*** RECORDED DATA Section Begins ***

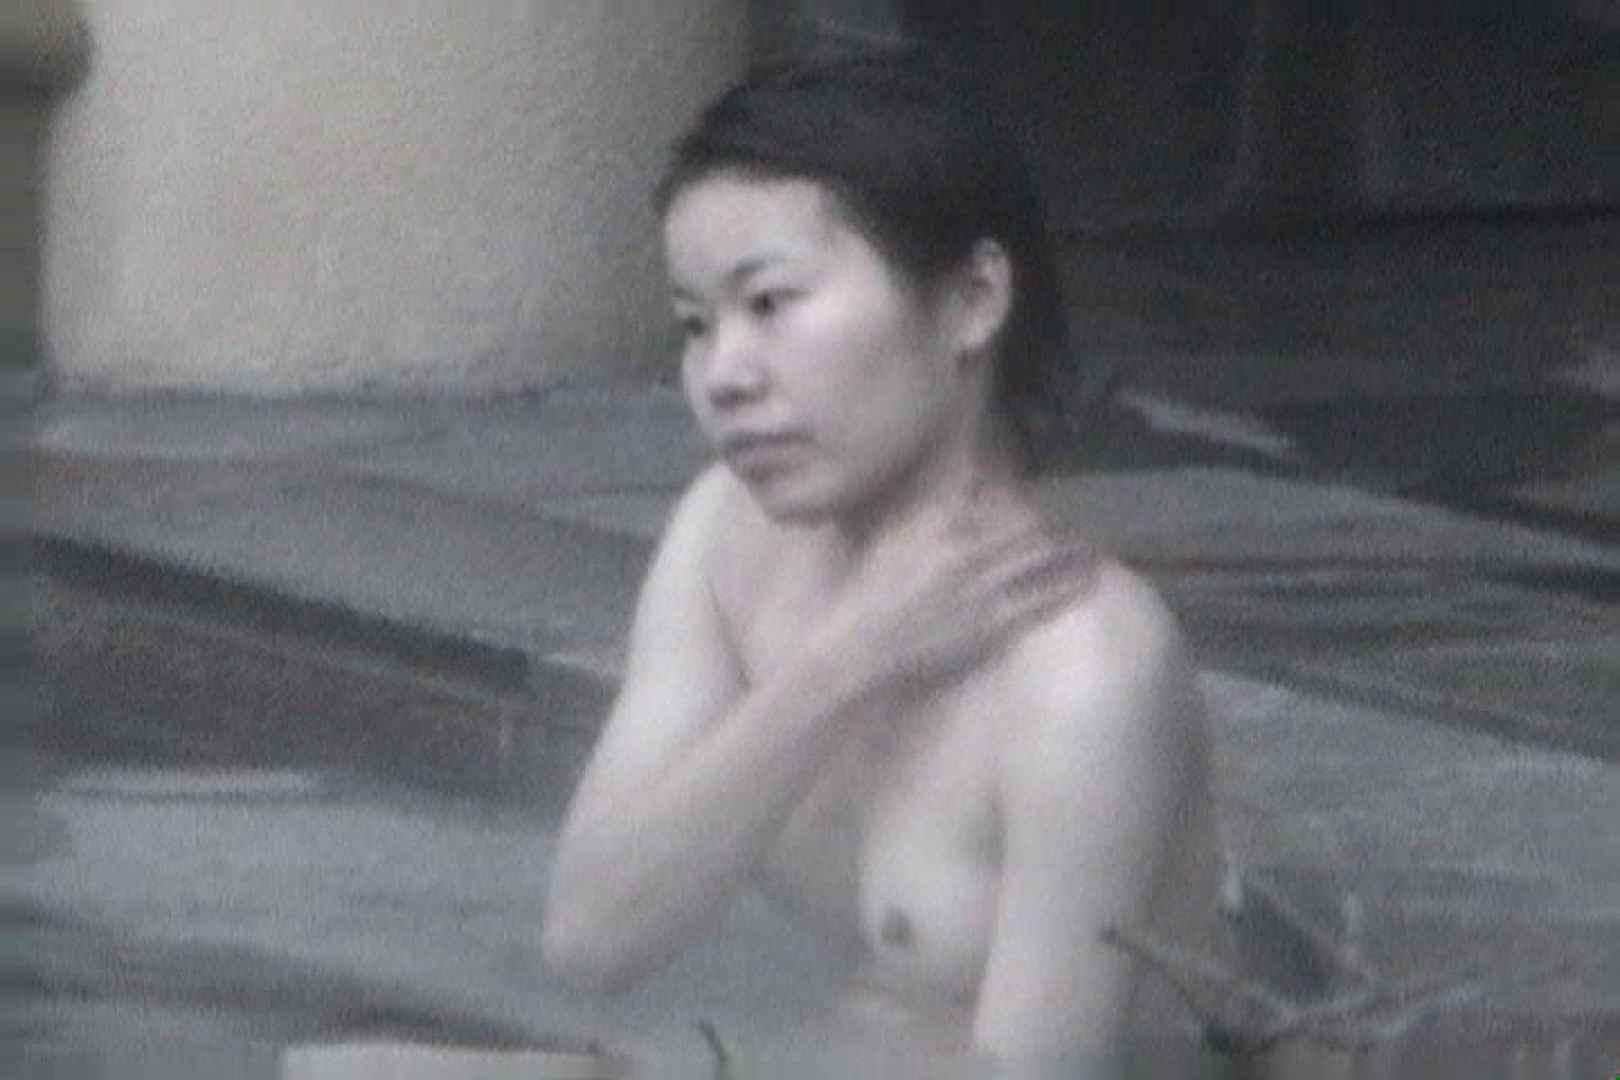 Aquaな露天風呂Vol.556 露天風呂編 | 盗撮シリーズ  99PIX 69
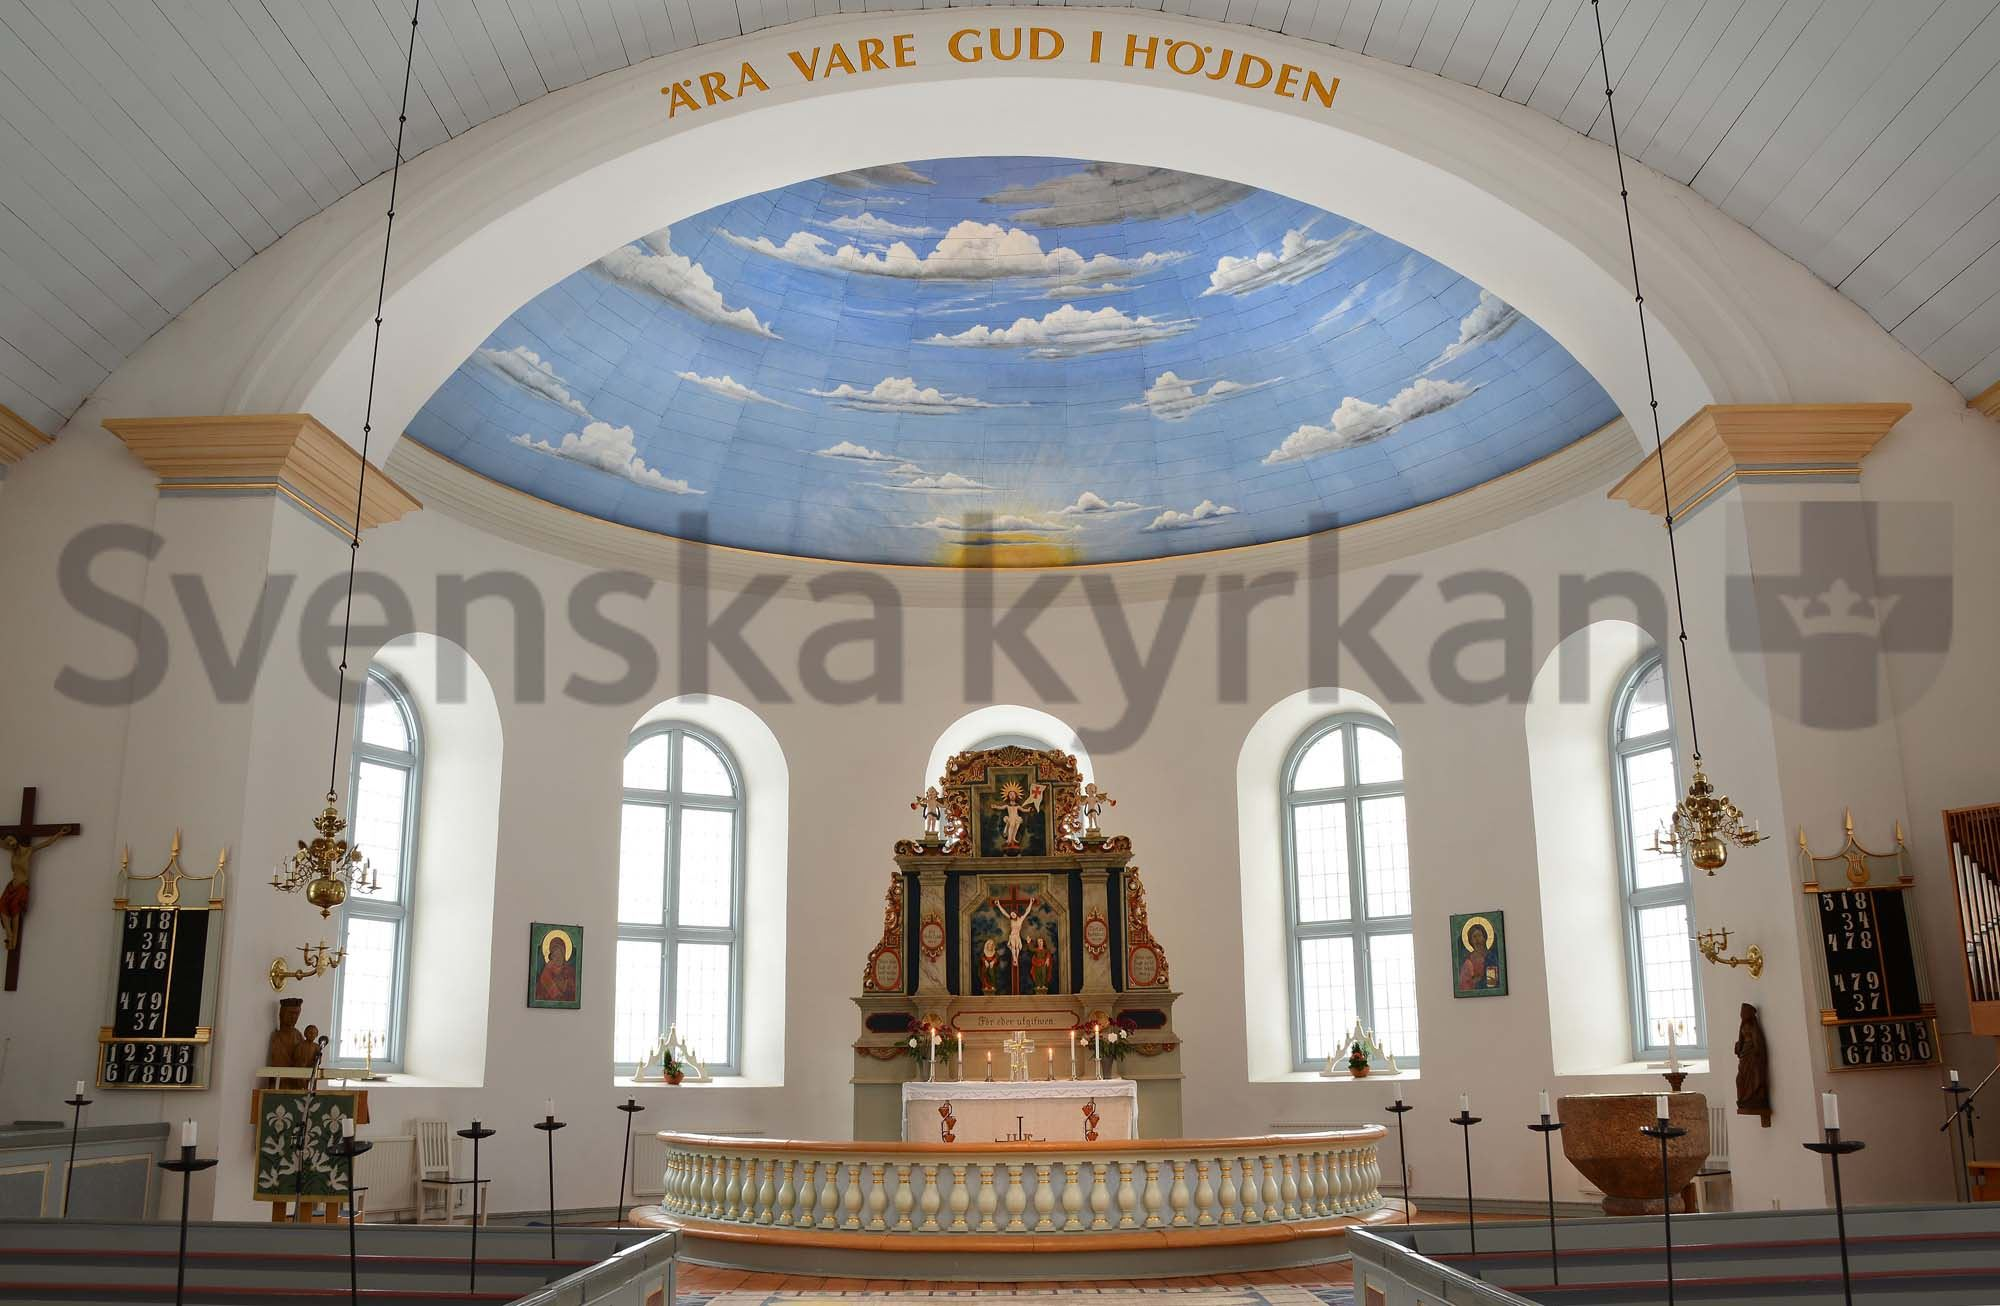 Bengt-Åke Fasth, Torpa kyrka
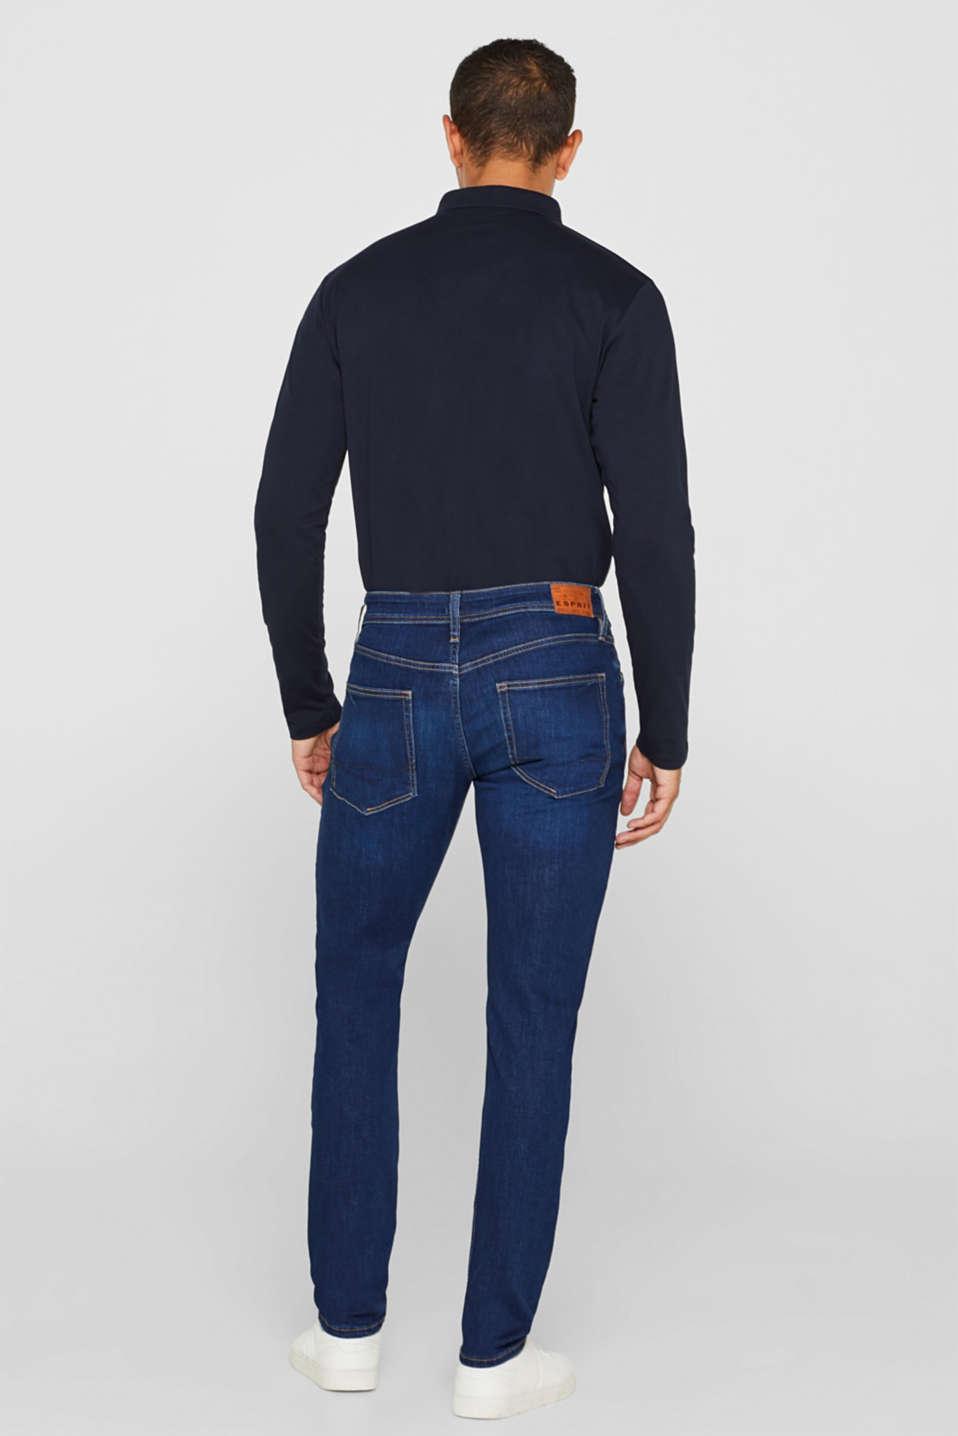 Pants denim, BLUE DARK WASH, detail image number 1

*** RECORDED DATA Section Ends ***

Only the lines from the one containing "Bengt-Åke Fasth, Torpa kyrka" through the last line of the material are to be restated word for word; no picture is to be included.

• ANSWER TO THIS PROBLEM
 Bengt-Åke Fasth, Torpa kyrka
 Pants denim, BLUE DARK WASH, detail image number 1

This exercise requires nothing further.